Secondary Structure Prediction
"Predict the secondary structure of my RNA sequence" → Compute minimum free energy (MFE) folding, base-pair probabilities via partition function, and consensus structures from alignments using thermodynamic models.
- CLI:
RNAfold for single-sequence MFE/partition folding
- CLI:
RNAalifold for consensus structure from alignment
- CLI:
RNAcofold for RNA-RNA interaction structure
Predict RNA secondary structures using thermodynamic models. ViennaRNA provides MFE folding, partition function analysis, consensus structure prediction from alignments, and RNA-RNA interaction prediction.

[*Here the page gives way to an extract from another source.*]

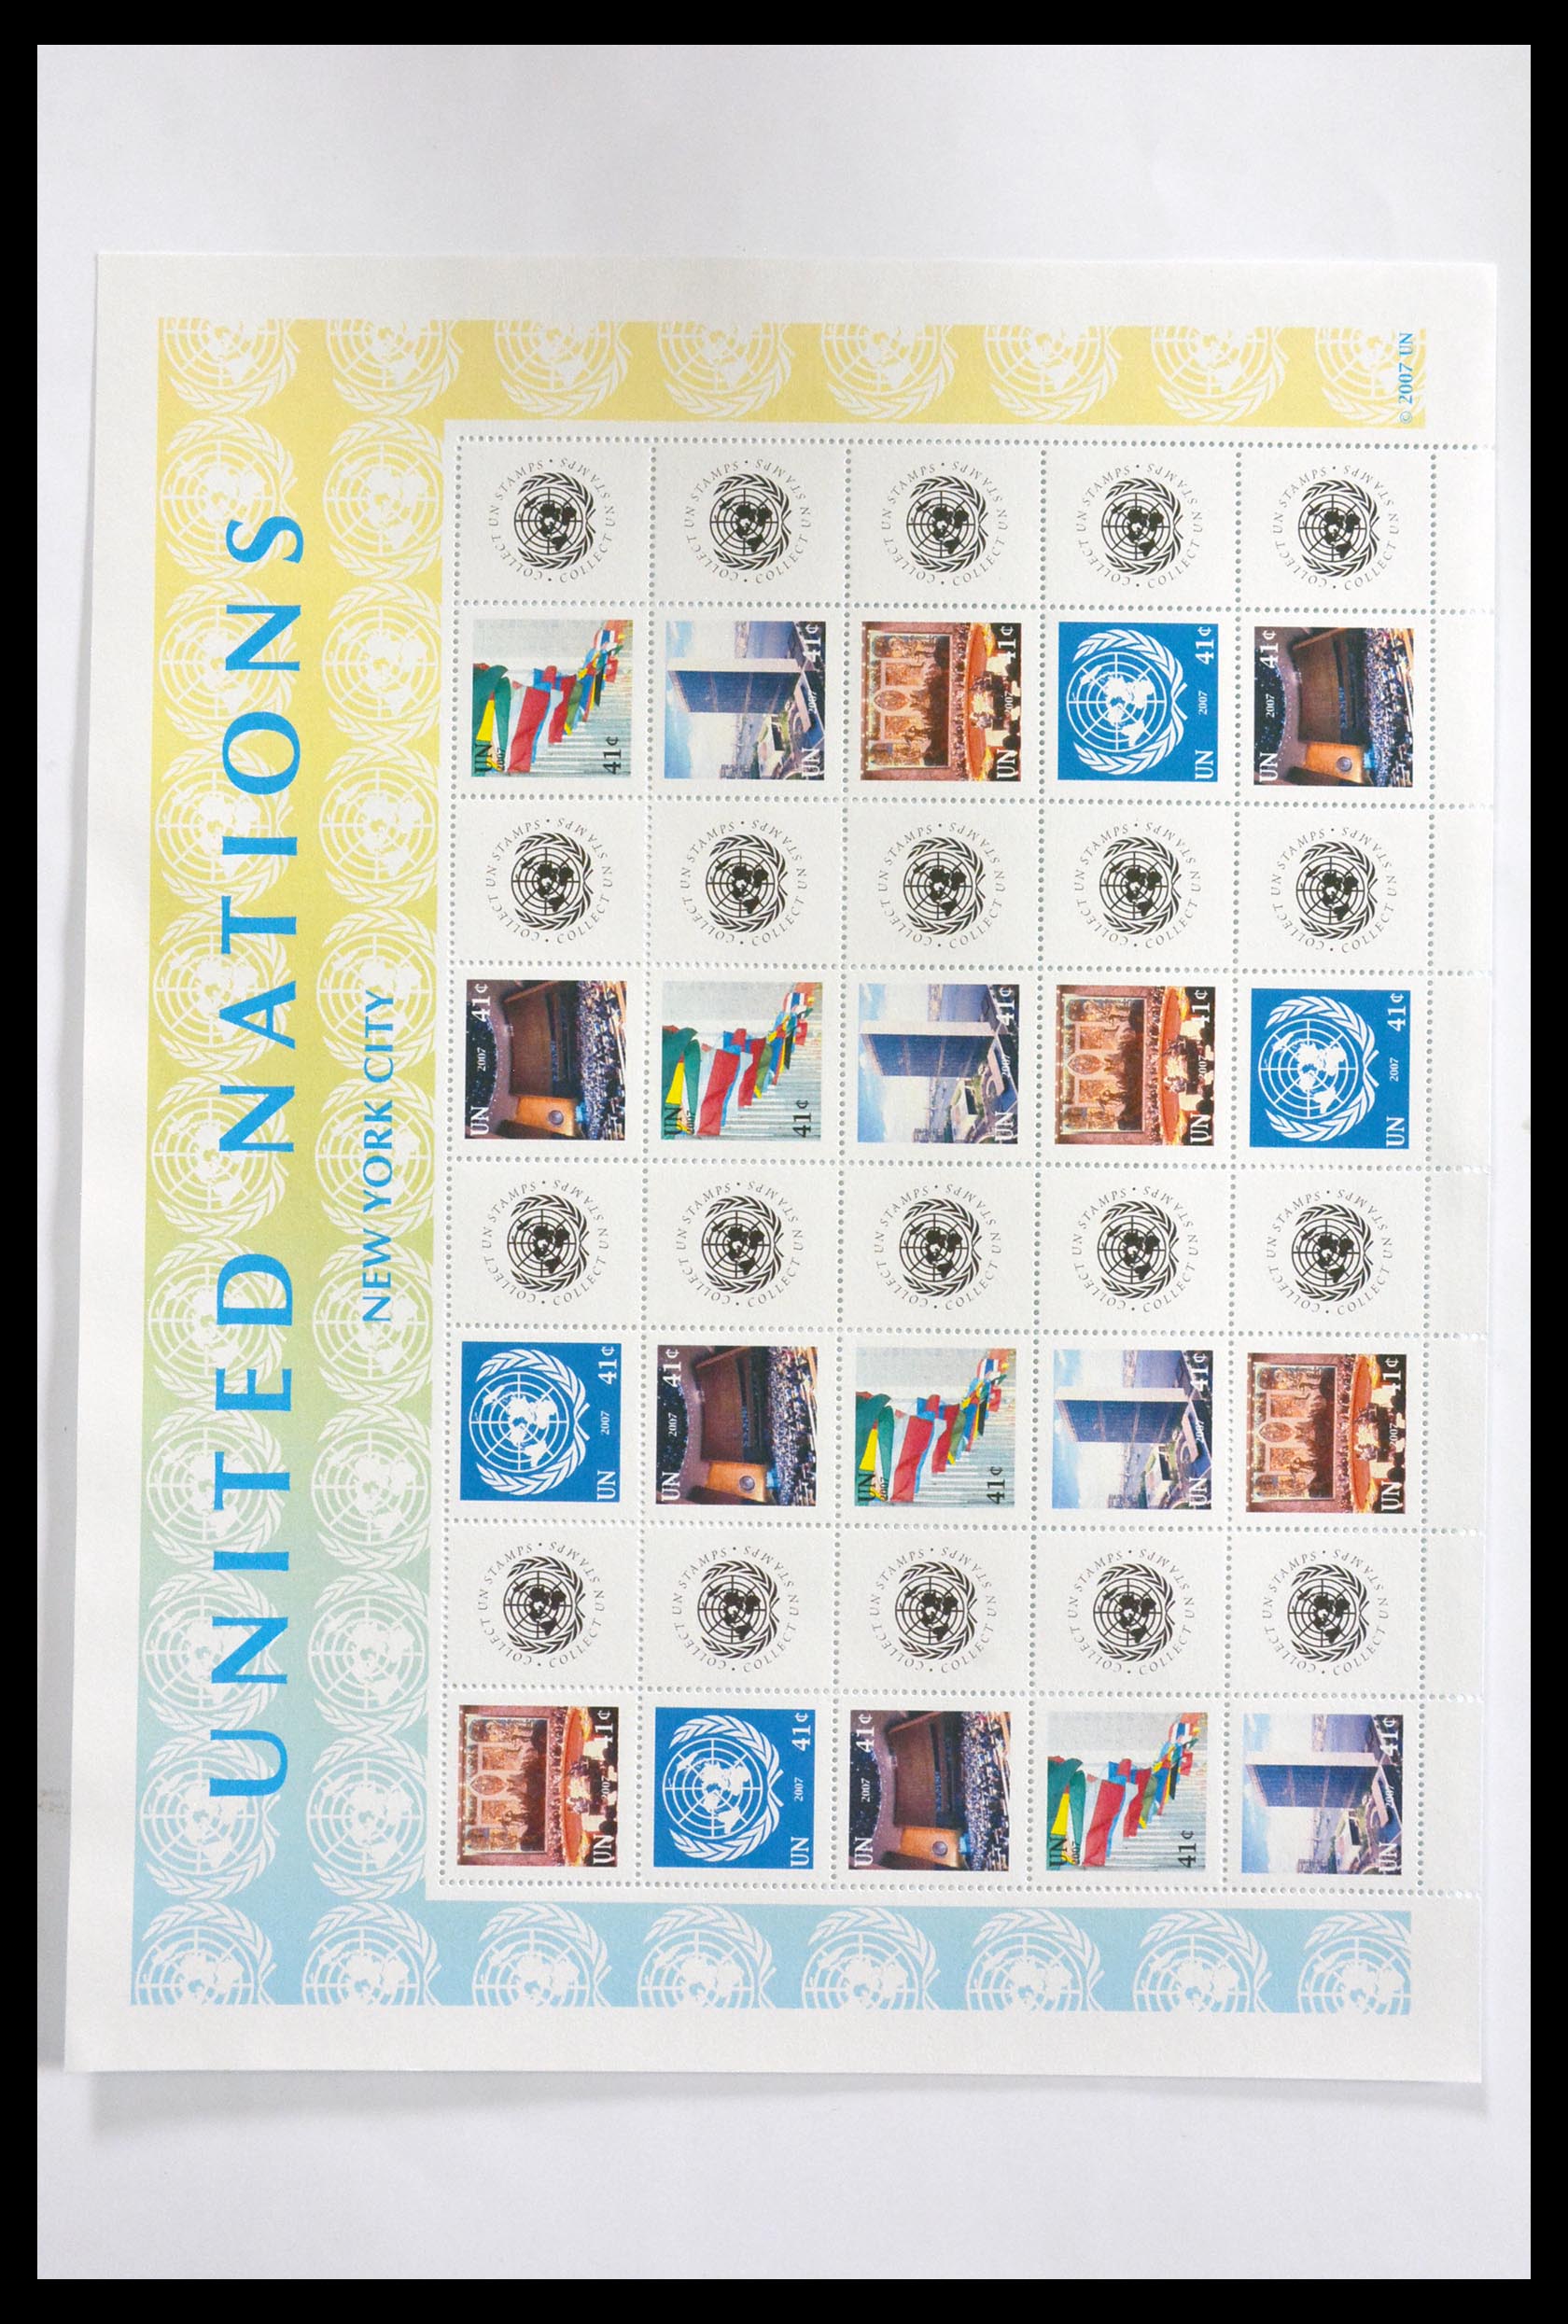 29721 011 - 29721 United Nations personalised sheets 2003-2010.

RNAfold: Single Sequence Folding
MFE Structure
echo "GGGAAACCC" | RNAfold
echo "GGGAAACCC" | RNAfold -p
echo ">myRNA" > input.fa
echo "GGGCUAUUAGCUCAGUUGGUUAGAGCGCACCCCUGAUAAGGGUGAGGUCGCUGAUUCGAAUUCAGCAUAGCCCA" >> input.fa
RNAfold -p --noPS < input.fa
Key RNAfold Options
| Option | Description |
|---|
-p | Compute partition function and base-pair probabilities |
--MEA | Compute maximum expected accuracy structure |
-d2 | Dangling end energies on both sides of helices (default) |
-T 37 | Temperature in Celsius (default: 37) |
--noLP | No lonely pairs (isolated base pairs) |
--noPS | Suppress PostScript output files |
-C | Read structure constraints from input |
--shape | Incorporate SHAPE reactivity data |
Constrained Folding
echo -e ">constrained\nGGGCUAUUAGCUCAGUUGGUUAGAGCGCACC\n...xxxx.........................." | RNAfold -C
RNAalifold: Consensus Structure from Alignment
Predicts a consensus structure from a multiple sequence alignment, combining thermodynamic stability with covariation evidence.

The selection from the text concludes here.